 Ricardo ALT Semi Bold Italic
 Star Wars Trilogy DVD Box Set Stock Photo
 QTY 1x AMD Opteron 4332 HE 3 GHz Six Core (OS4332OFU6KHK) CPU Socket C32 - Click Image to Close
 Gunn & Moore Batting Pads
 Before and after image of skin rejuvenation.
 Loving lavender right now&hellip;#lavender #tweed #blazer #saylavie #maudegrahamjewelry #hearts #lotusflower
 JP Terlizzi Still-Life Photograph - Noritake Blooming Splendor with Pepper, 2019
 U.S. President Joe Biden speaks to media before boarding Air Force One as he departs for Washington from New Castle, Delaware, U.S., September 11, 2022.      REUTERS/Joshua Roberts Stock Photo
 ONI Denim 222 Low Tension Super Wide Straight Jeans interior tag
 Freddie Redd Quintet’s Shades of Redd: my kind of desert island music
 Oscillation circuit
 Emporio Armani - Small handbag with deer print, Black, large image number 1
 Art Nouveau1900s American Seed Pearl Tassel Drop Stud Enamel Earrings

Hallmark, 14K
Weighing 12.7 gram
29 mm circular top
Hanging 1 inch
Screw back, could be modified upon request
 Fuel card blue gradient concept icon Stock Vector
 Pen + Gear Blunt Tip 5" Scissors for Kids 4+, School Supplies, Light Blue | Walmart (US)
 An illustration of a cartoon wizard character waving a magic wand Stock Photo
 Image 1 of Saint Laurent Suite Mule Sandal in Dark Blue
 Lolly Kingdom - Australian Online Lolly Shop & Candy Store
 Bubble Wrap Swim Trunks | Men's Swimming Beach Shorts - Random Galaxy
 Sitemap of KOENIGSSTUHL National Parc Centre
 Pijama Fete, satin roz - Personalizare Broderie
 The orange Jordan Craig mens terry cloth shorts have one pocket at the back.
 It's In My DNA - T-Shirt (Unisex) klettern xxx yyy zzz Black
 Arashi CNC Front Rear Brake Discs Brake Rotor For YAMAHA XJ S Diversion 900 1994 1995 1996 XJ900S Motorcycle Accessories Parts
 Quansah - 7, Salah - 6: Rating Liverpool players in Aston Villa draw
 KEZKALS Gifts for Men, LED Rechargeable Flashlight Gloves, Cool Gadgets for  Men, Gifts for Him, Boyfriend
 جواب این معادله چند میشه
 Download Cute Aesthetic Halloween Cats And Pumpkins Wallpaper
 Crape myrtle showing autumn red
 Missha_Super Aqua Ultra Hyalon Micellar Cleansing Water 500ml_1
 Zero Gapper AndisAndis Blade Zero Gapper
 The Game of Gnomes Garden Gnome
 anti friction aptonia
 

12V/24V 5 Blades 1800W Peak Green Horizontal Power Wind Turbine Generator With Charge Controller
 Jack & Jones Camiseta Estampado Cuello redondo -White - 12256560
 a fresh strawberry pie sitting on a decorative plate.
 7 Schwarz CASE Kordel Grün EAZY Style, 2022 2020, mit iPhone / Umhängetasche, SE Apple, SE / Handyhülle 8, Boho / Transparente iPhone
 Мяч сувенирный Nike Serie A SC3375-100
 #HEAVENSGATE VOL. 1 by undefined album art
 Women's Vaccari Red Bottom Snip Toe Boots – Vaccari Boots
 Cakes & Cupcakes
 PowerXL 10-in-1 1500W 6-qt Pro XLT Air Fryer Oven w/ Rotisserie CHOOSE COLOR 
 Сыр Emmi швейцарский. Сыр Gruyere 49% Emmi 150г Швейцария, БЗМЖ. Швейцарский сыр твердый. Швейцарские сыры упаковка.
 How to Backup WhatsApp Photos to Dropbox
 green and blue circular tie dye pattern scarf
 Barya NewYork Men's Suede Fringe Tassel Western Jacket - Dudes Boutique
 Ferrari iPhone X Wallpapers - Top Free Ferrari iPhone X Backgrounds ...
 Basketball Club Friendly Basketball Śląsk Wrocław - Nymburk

Goal of the exercise: Lines of the listing above that include the string "Tassel" should each be copied.

Exercise solution:
 Art Nouveau1900s American Seed Pearl Tassel Drop Stud Enamel Earrings
 Barya NewYork Men's Suede Fringe Tassel Western Jacket - Dudes Boutique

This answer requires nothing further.